E. Pre-training Strategy

To prevent overfitting on small real-world datasets and improve generalization:

Synthetic Dataset: A large-scale dataset (400k image-edge pairs) is generated using the Segment Anything Model (SAM) to extract object boundaries.
Two-Stage Training:
1. Pre-training: Train on the synthetic dataset.
2. Fine-tuning: Use lightweight LoRA adapters (1.2% additional parameters) to fine-tune on specific real-world datasets (BSDS, BIPED, Multicue) while keeping the main backbone frozen.

3. Key Contributions

MEMO Framework: A novel edge detection model that produces crisp, human-like edges using only cross-entropy loss, eliminating the need for specialized loss functions or complex architectures.
Masked Edge Training & Inference: Introduction of a training scheme that teaches the model to recover edges from partial inputs, coupled with a LocMax inference strategy that iteratively finalizes edges based on local confidence, ensuring single-pixel width.
Synthetic Pre-training: Construction of a large-scale synthetic edge dataset that significantly boosts generalization and prevents edge duplication artifacts.
Inference-Time Multi-Granularity: The ability to control edge density and detail purely at inference time via classifier-free guidance, without requiring paired annotations for different granularities.

4. Experimental Results

The authors evaluated MEMO on BSDS, BIPED, and Multicue datasets.

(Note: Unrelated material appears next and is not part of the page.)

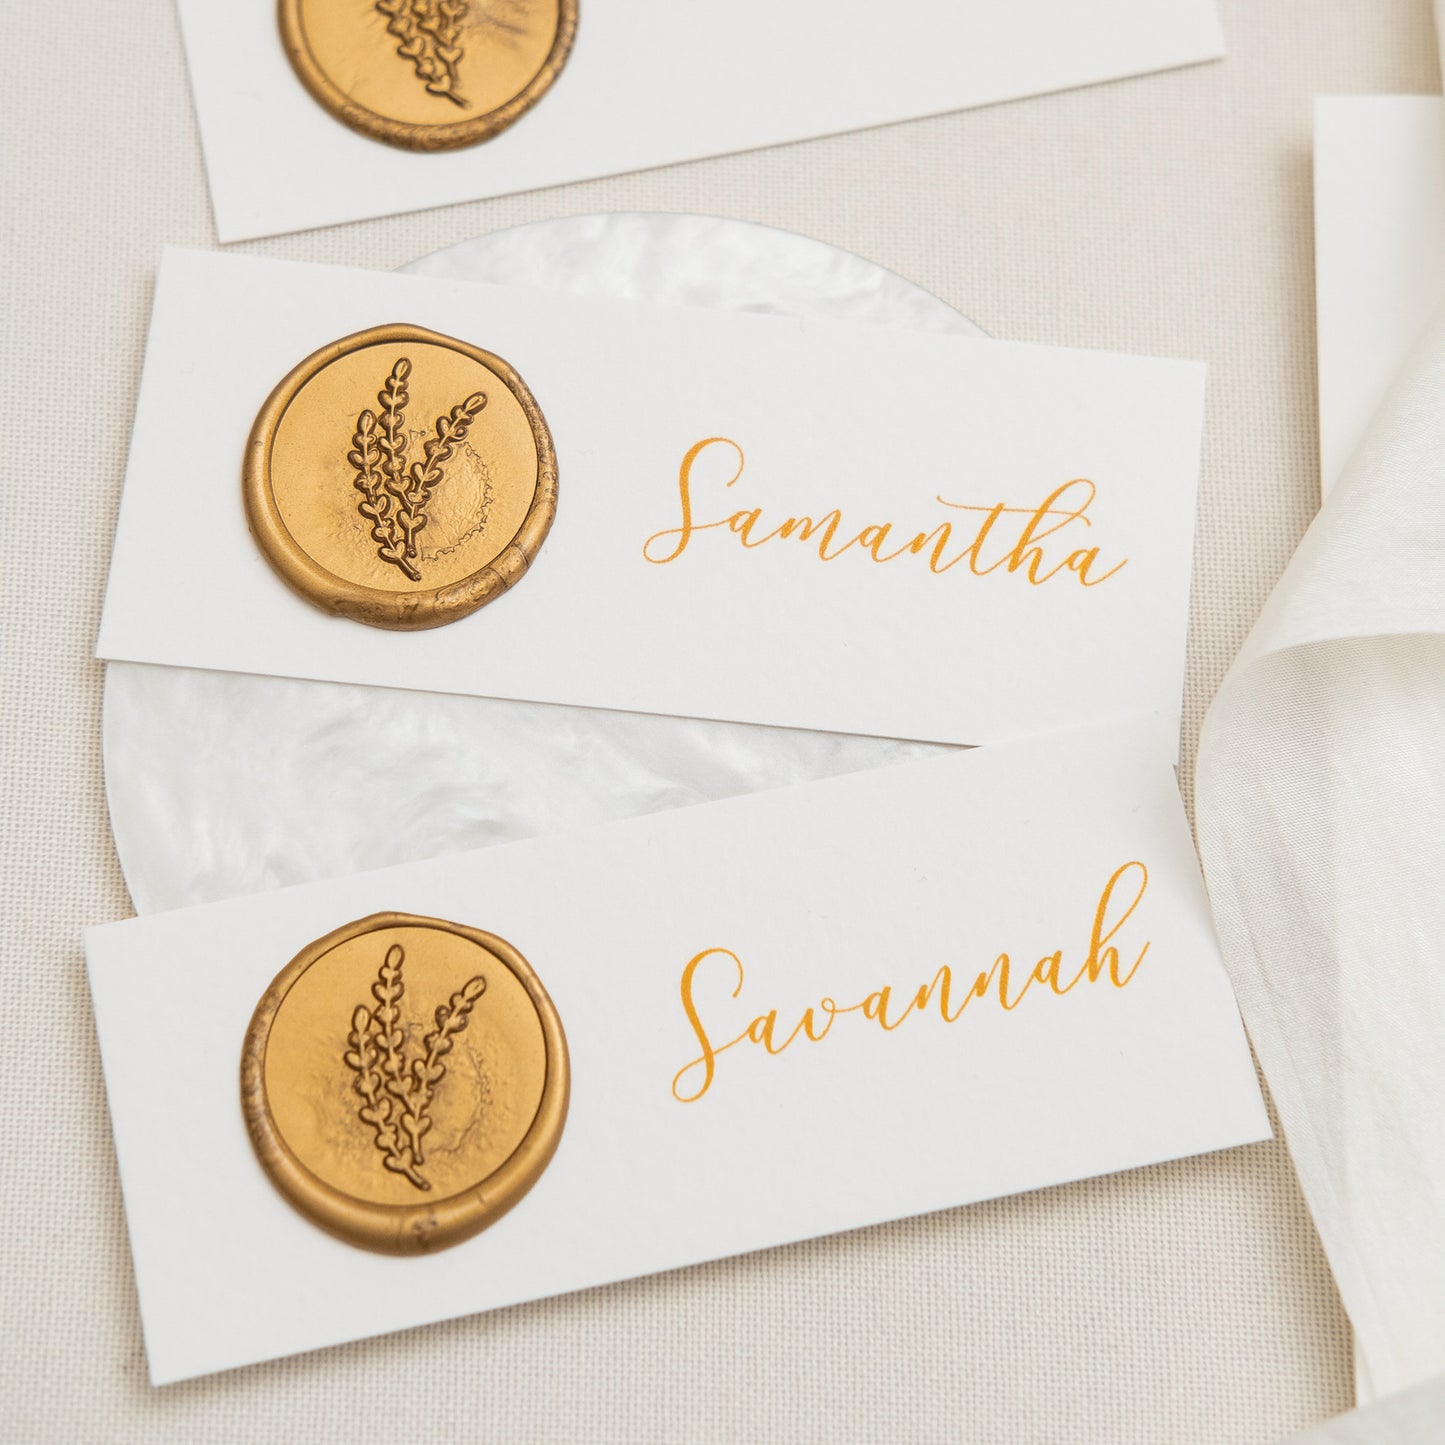 Wedding Place Cards With Wax Seal

Crispness-Aware Evaluation (CEval): MEMO achieves State-of-the-Art (SOTA) results.
- On BSDS, MEMO achieves an ODS of 0.836 (vs. 0.749 for DiffEdge) and an Average Crispness (AC) of 0.663 (vs. 0.476 for DiffEdge).
- On BIPED, MEMO achieves an AC of 0.841, outperforming DiffEdge (0.849) in standard metrics but significantly better in crispness alignment.
Visual Similarity: MEMO achieves the lowest Fréchet Inception Distance (FID) and LPIPS scores, indicating its outputs are perceptually closest to human annotations.
Ablation Studies:
- LocMax vs. TopK/Random: LocMax is crucial; TopK produces thick edges, while Random produces fragmented edges.
- Pre-training: Pre-training on synthetic data prevents "edge duplication" (multi-line artifacts) seen in models trained only on real data.
- Inference Steps: 10 steps are sufficient for visually crisp results, balancing speed and quality.

5. Significance

Paradigm Shift: The paper demonstrates that training and inference strategies are more critical than architectural complexity or specialized losses for achieving human-like edge crispness.
Efficiency: MEMO avoids heavy post-processing (like Non-Maximum Suppression) and complex generative backbones, relying on a lightweight, iterative refinement process.
Flexibility: The multi-granularity capability allows a single model to serve diverse applications (from coarse object boundaries to fine texture details) simply by adjusting a scalar parameter at inference time.
Generalization: The use of synthetic pre-training with LoRA fine-tuning offers a scalable path for adapting edge detectors to new domains with minimal computational cost.

In conclusion, MEMO sets a new benchmark for edge detection by aligning machine predictions with human visual perception, achieving superior crispness and structural coherence without compromising standard detection accuracy.